#### Your instructions
Write out the lines below once more, exactly as they appear. Do not include pictures.

#### Data

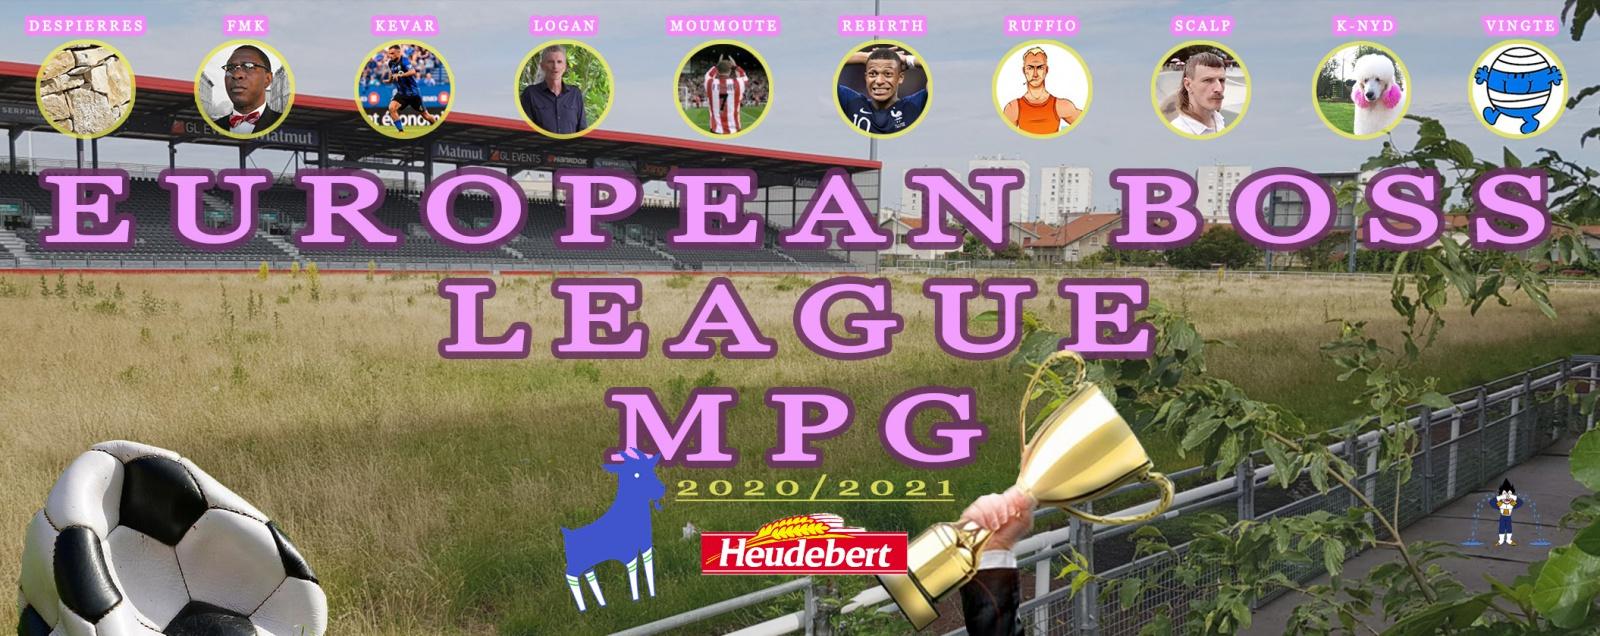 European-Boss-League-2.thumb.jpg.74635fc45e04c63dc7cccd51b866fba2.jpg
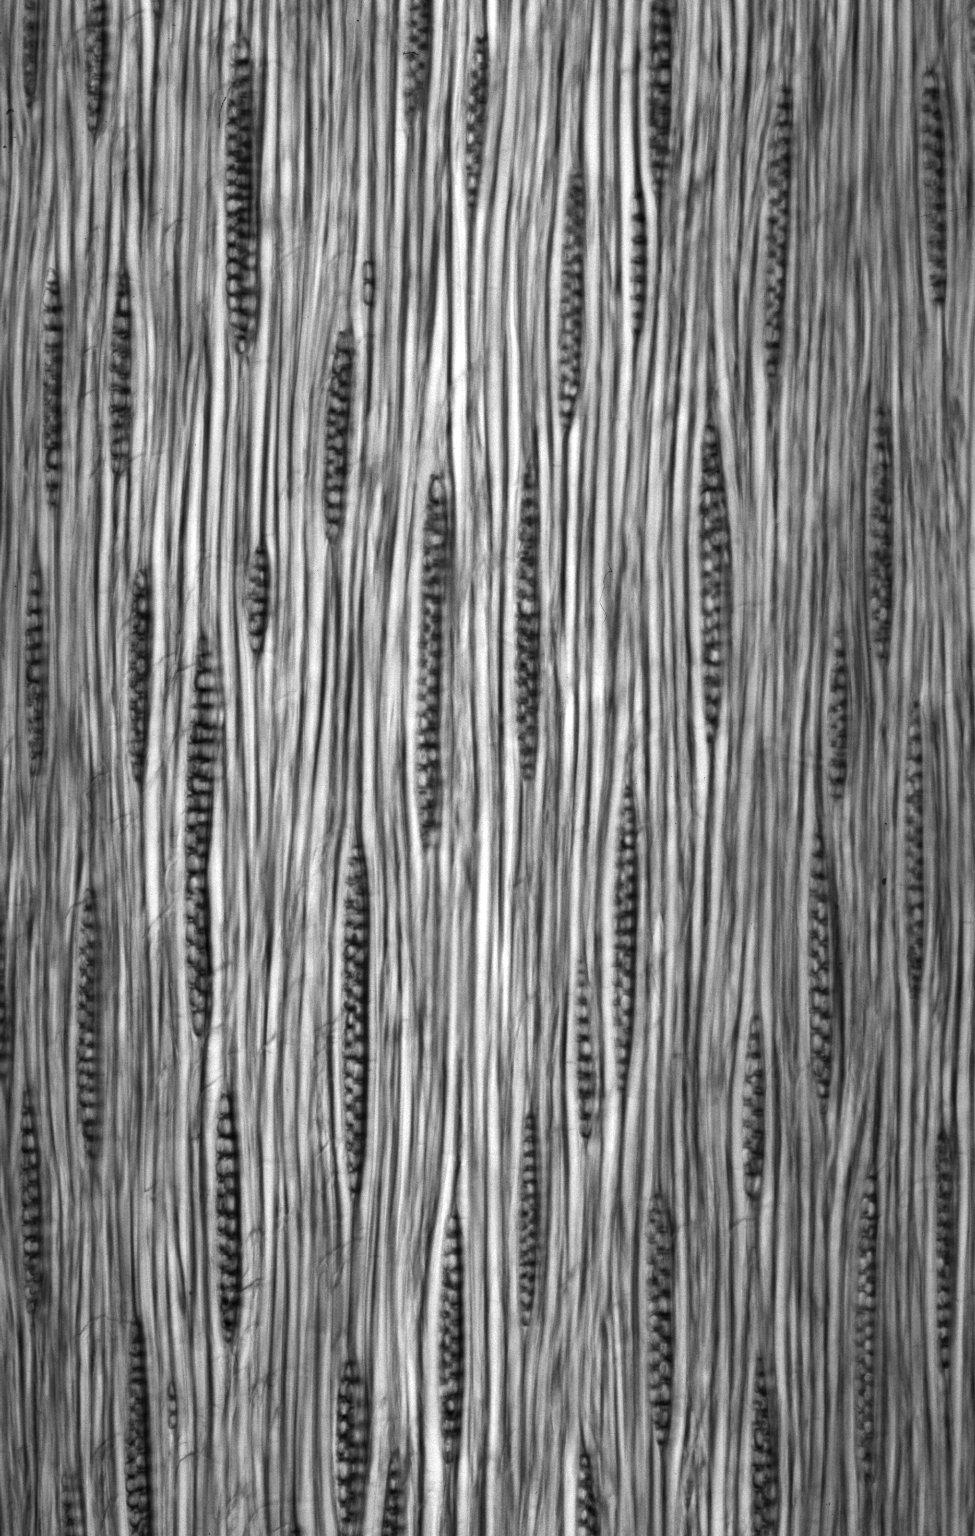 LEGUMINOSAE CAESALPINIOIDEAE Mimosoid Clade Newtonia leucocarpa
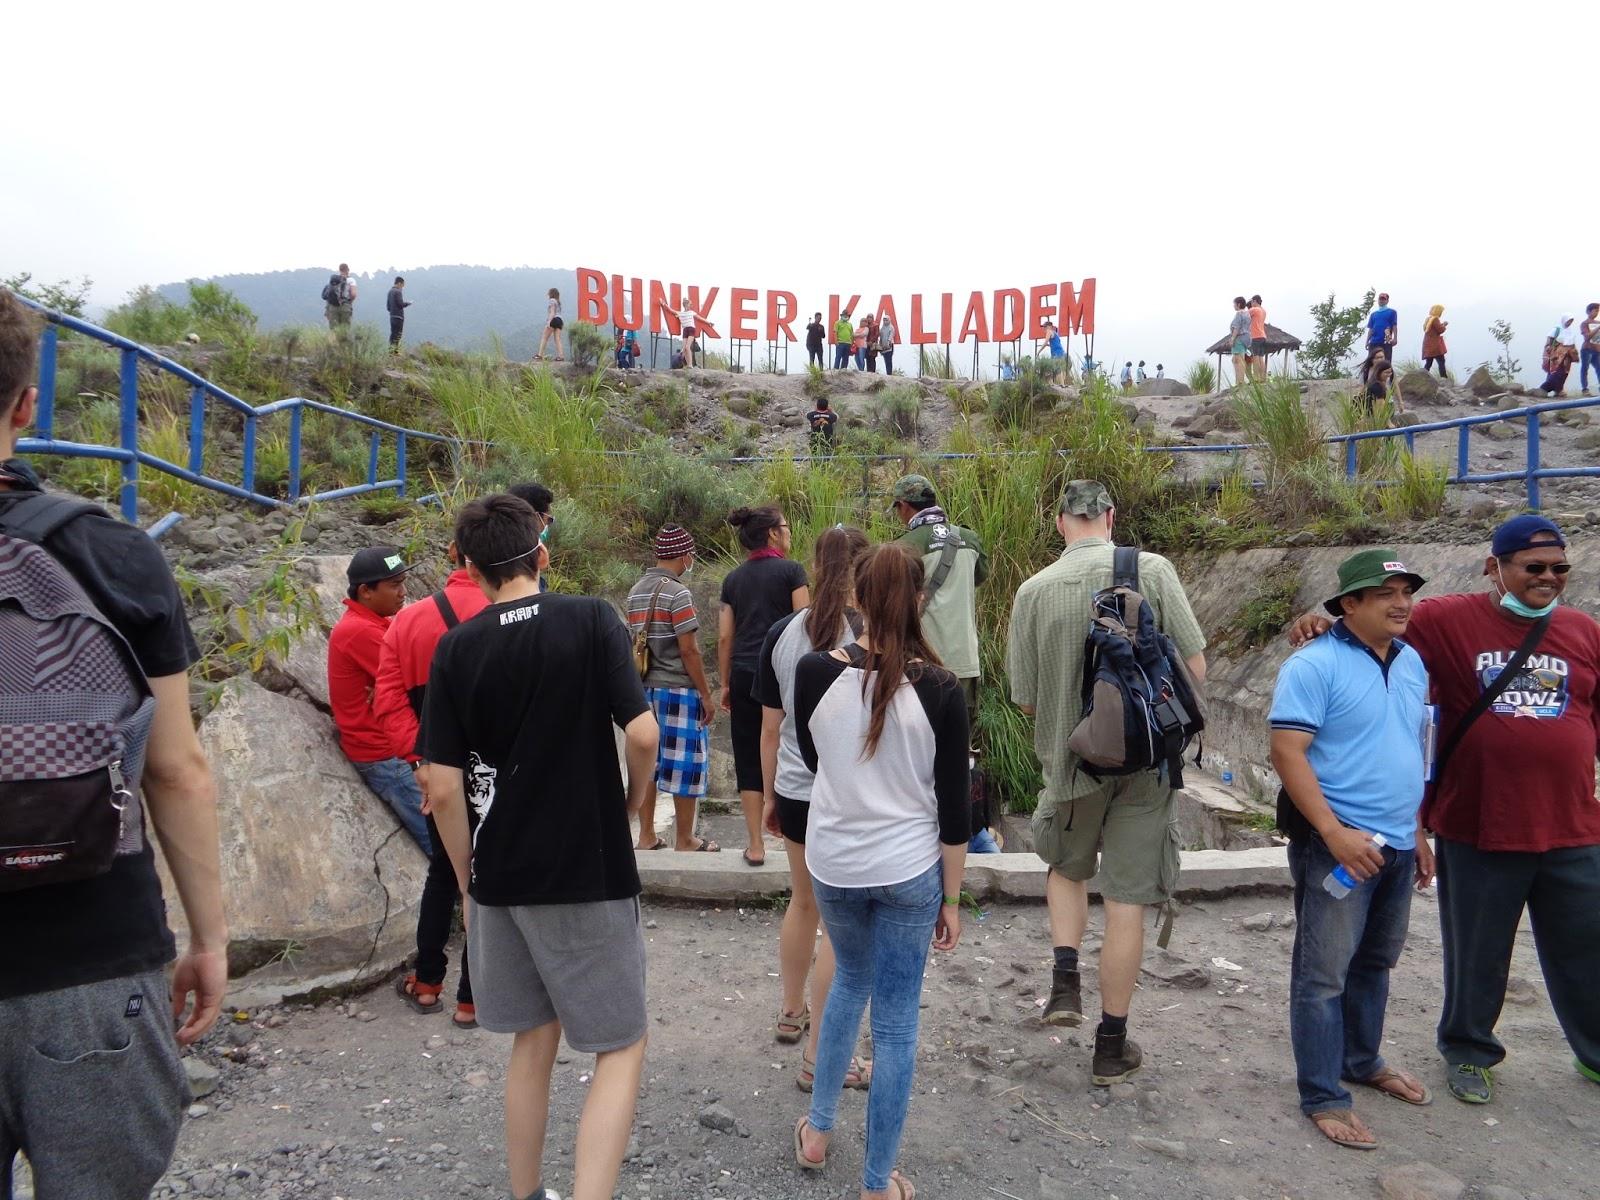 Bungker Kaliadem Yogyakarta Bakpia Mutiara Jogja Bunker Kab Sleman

#### Solved exercise
 European-Boss-League-2.thumb.jpg.74635fc45e04c63dc7cccd51b866fba2.jpg
 LEGUMINOSAE CAESALPINIOIDEAE Mimosoid Clade Newtonia leucocarpa
 Bungker Kaliadem Yogyakarta Bakpia Mutiara Jogja Bunker Kab Sleman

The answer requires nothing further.